#### [EXERCISE]
Starting with the line in which "SUBURBAN COMMANDO HULK" appears, give back every line exactly as written until the listing ends, excluding pictures.

#### [MATERIAL PROVIDED]
*****

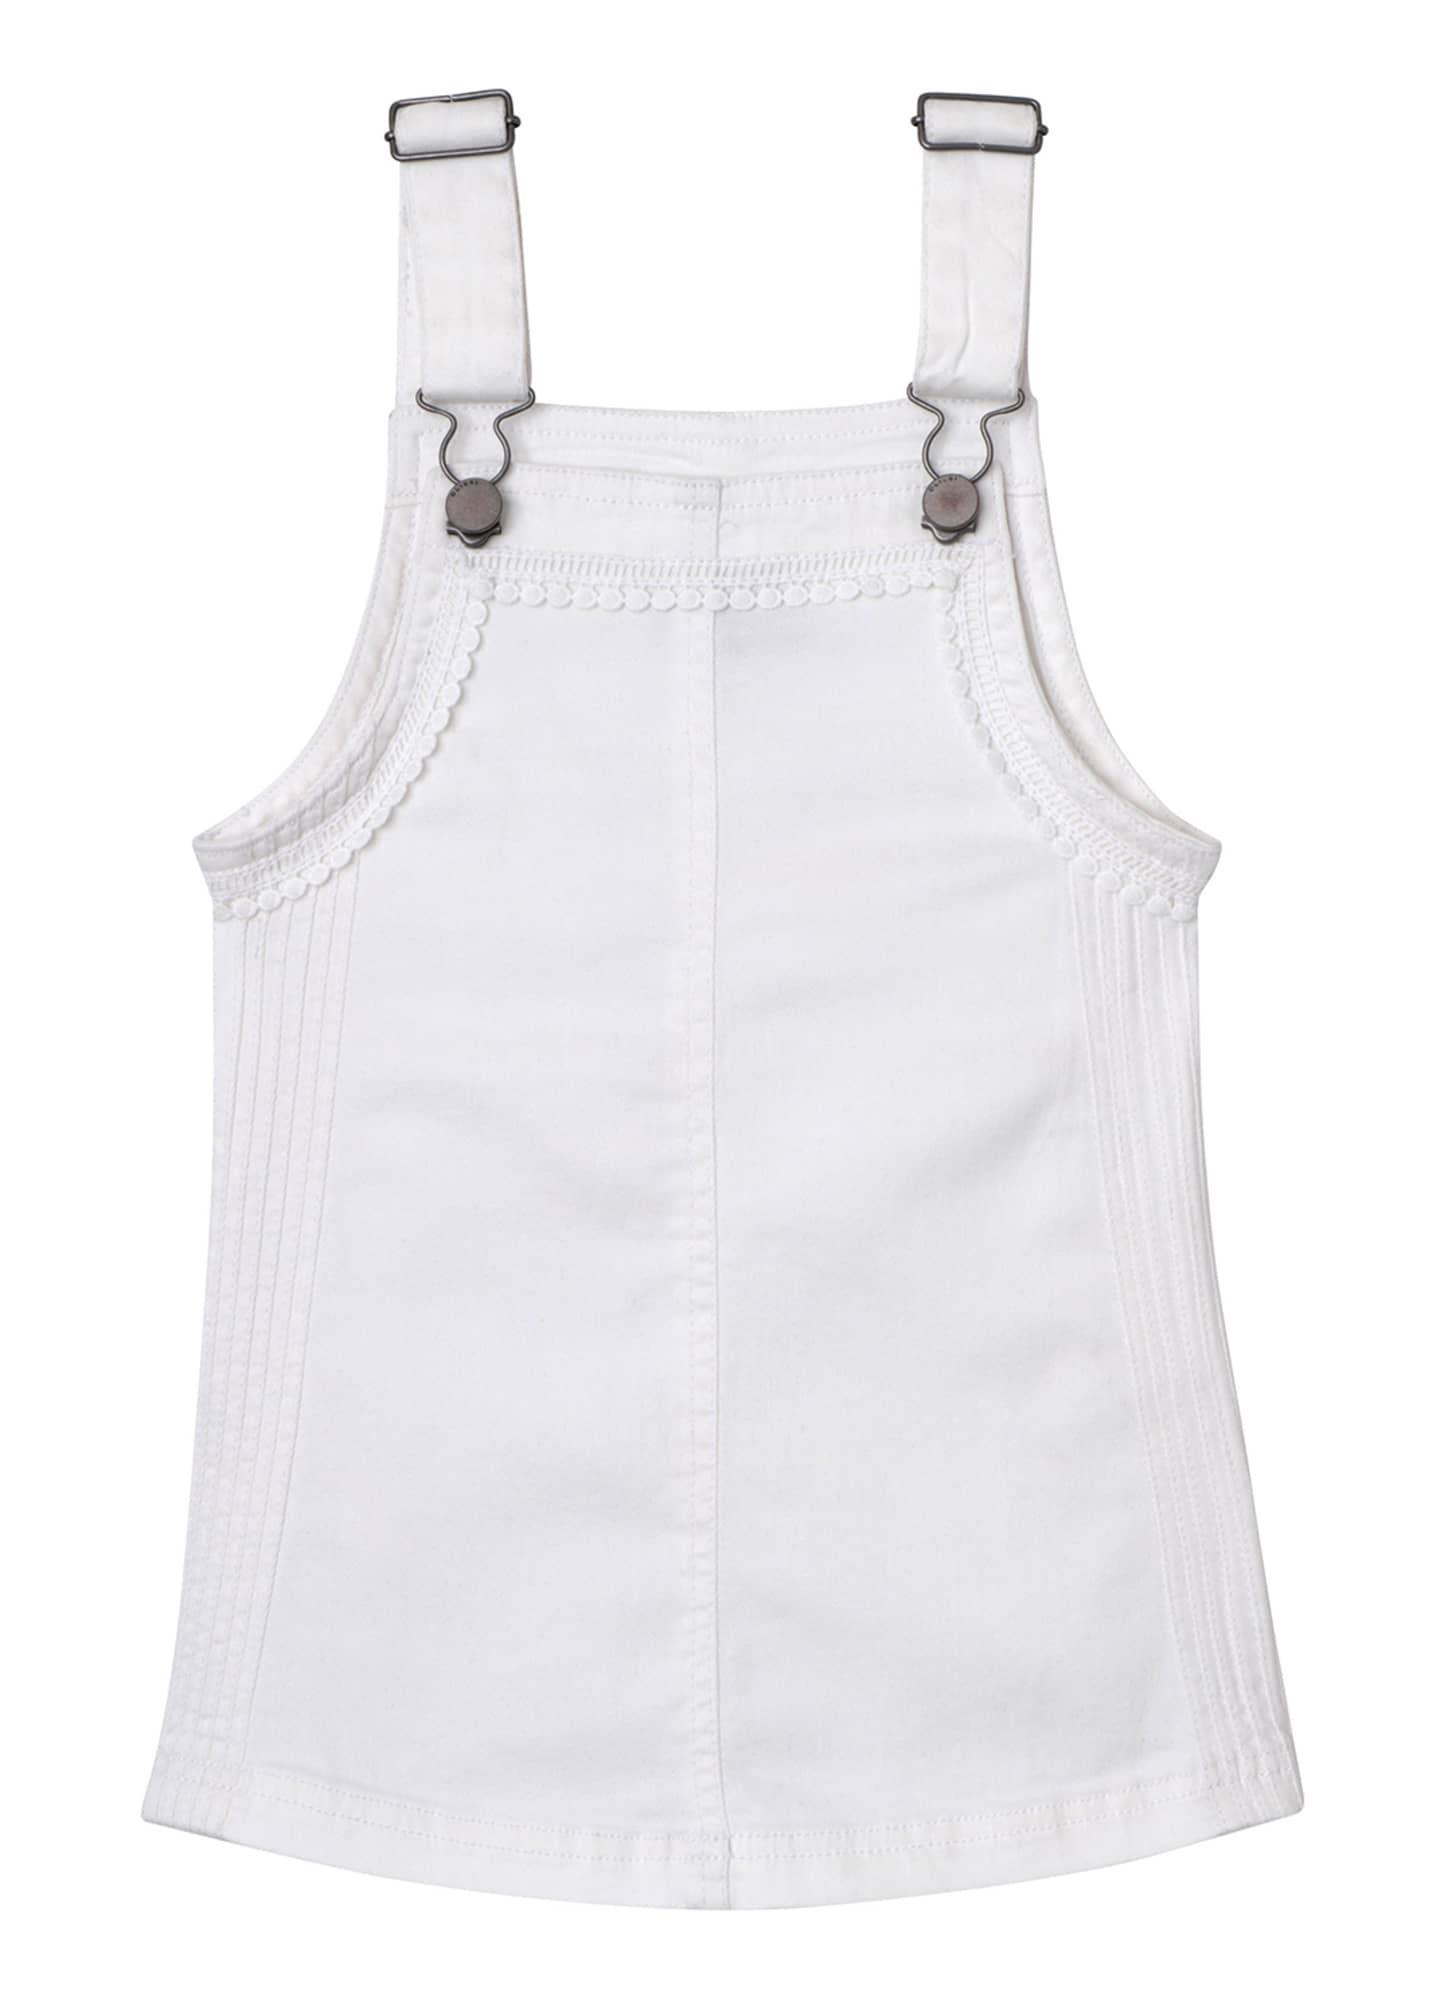 DL1961 Premium Denim Penelope Overall Pinafore Dress, Size
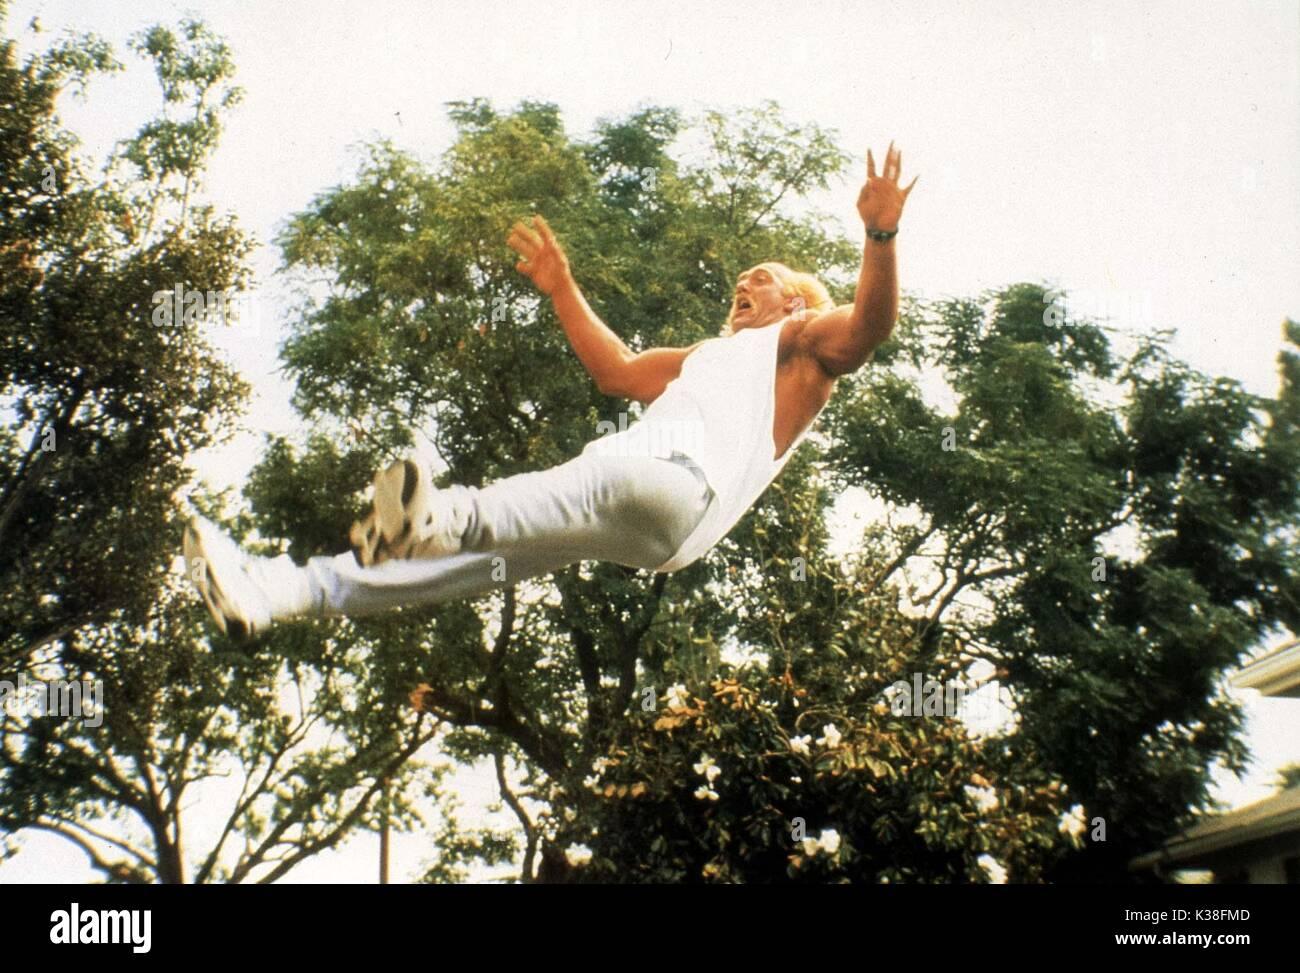 SUBURBAN COMMANDO HULK HOGAN DIRECTOR: BURT KENNEDY NEW LINE CINEMA     Date: 1991 - Stock Image
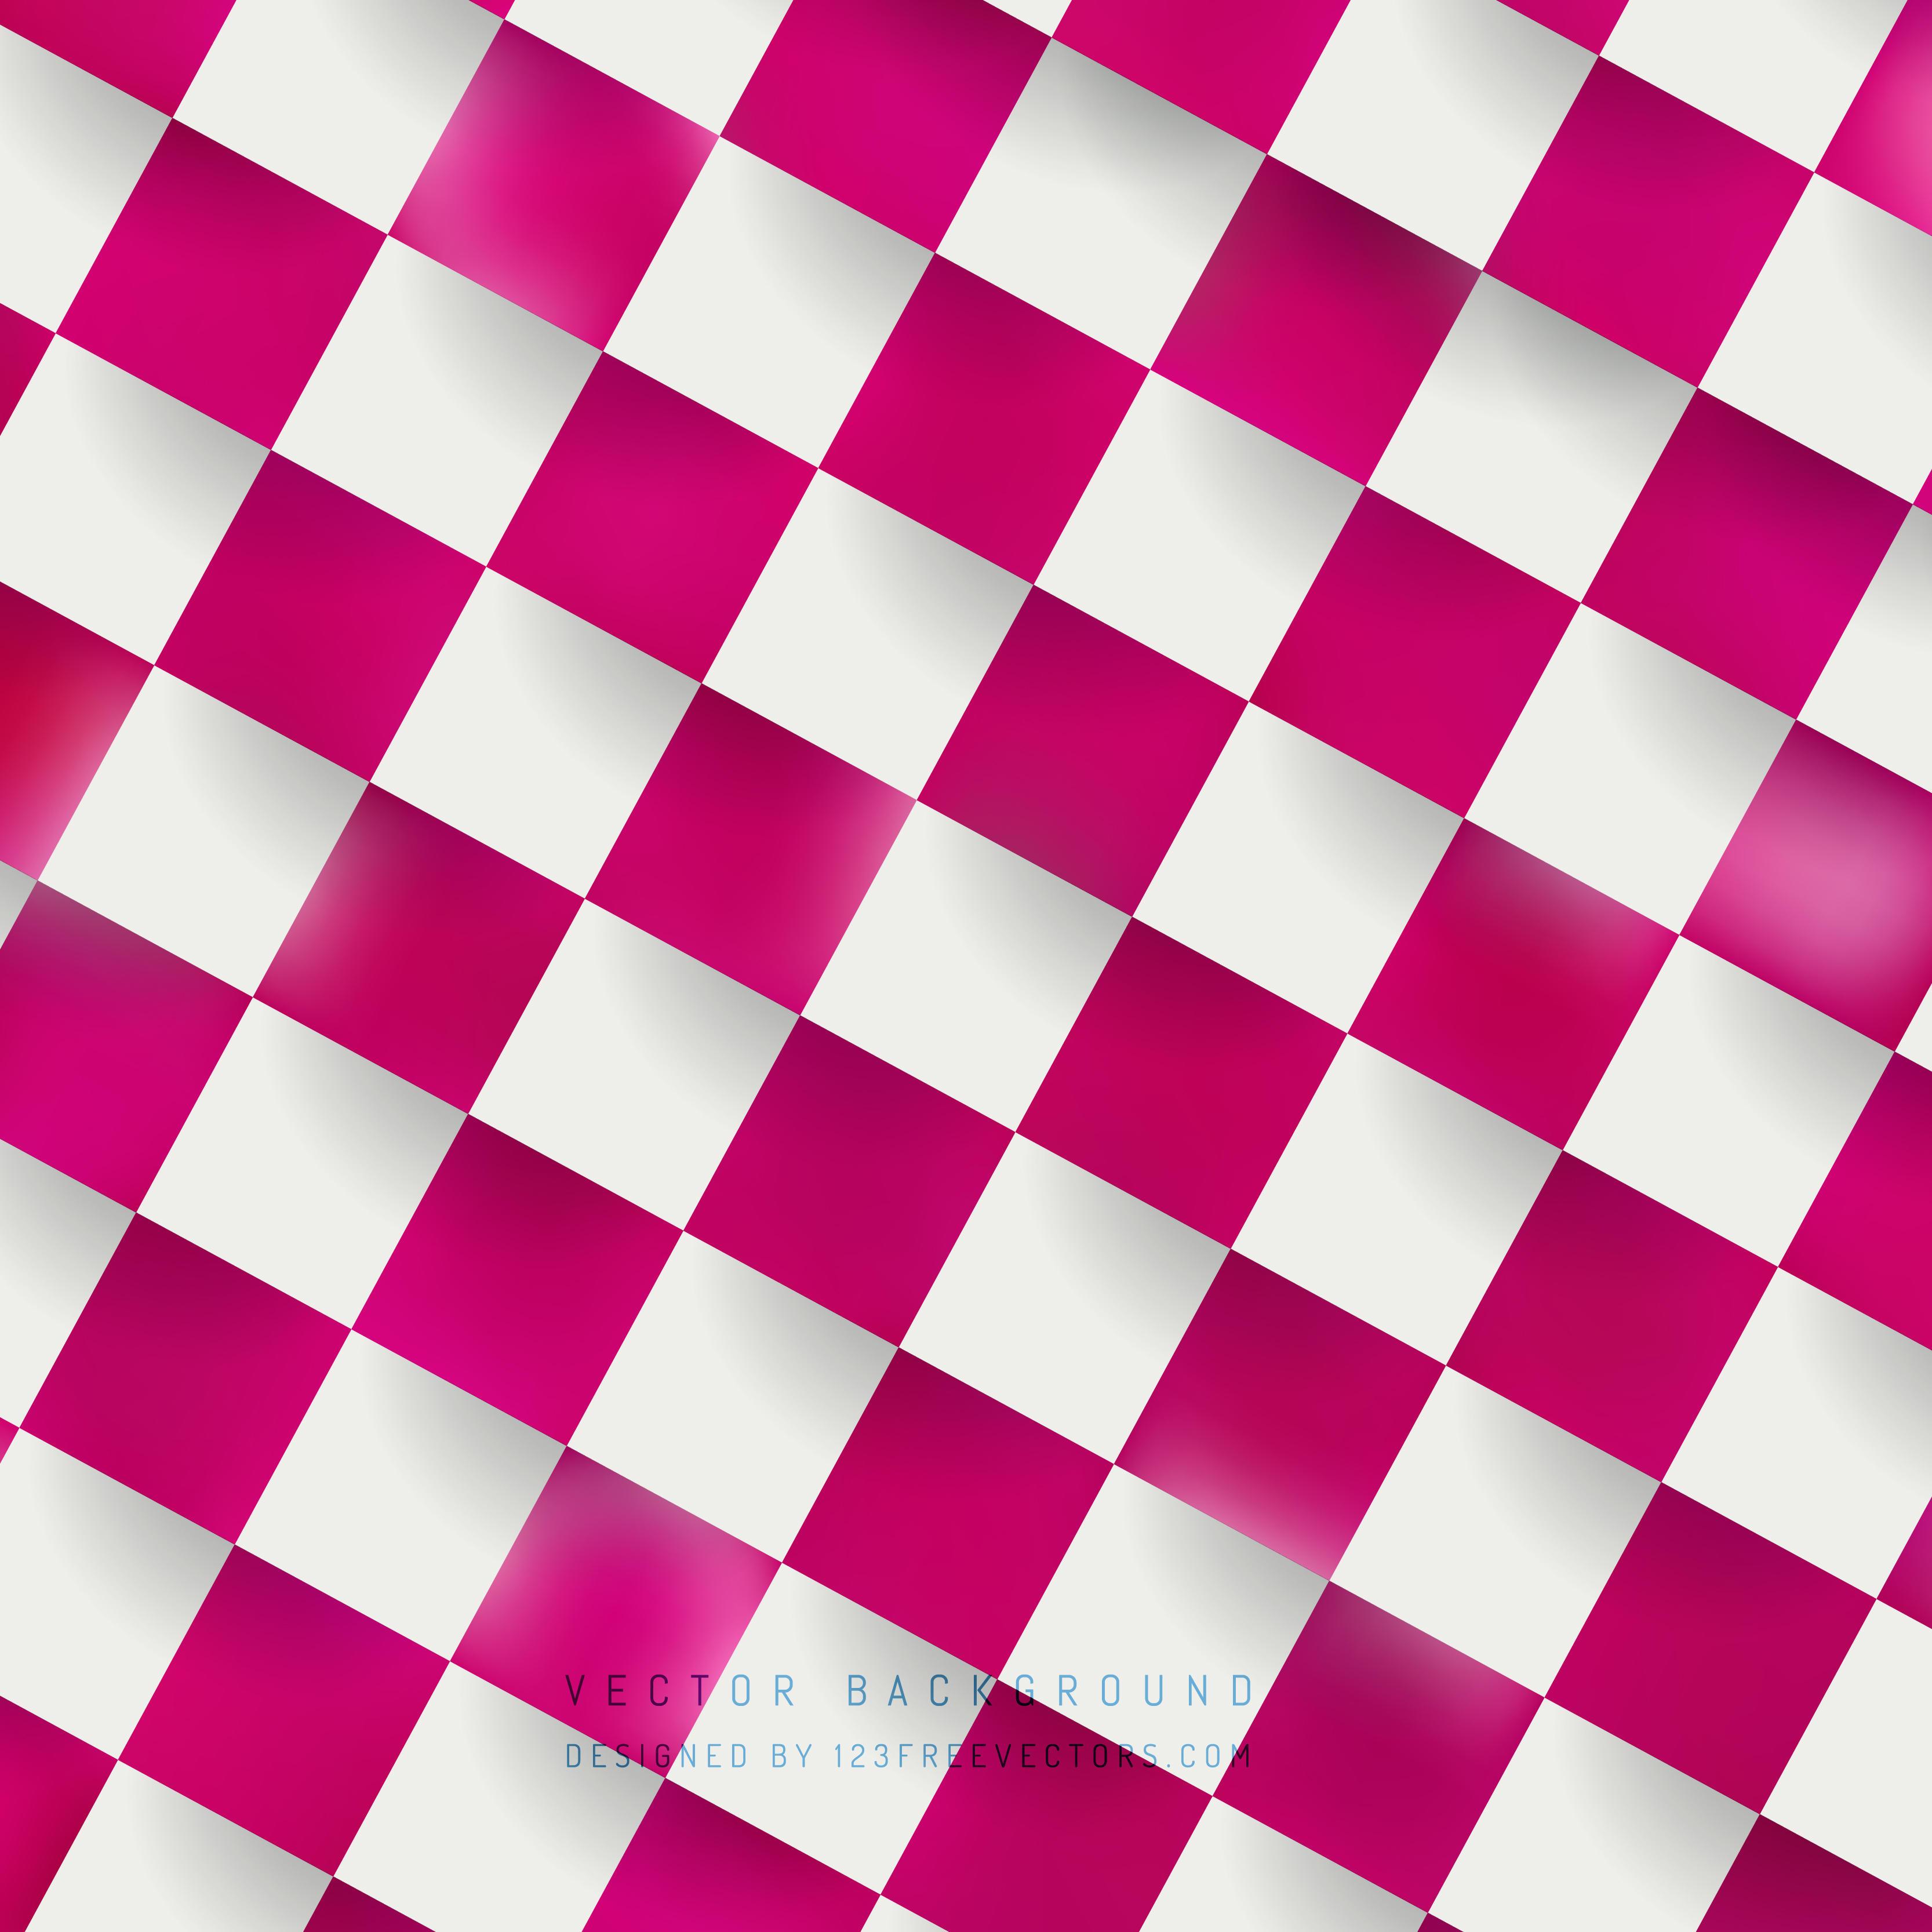 Checkered Design 90 Checkered Pattern Vectors Download Free Vector Art

*****

#### [OUTPUT FOR THIS TASK]
 SUBURBAN COMMANDO HULK HOGAN DIRECTOR: BURT KENNEDY NEW LINE CINEMA     Date: 1991 - Stock Image
 Checkered Design 90 Checkered Pattern Vectors Download Free Vector Art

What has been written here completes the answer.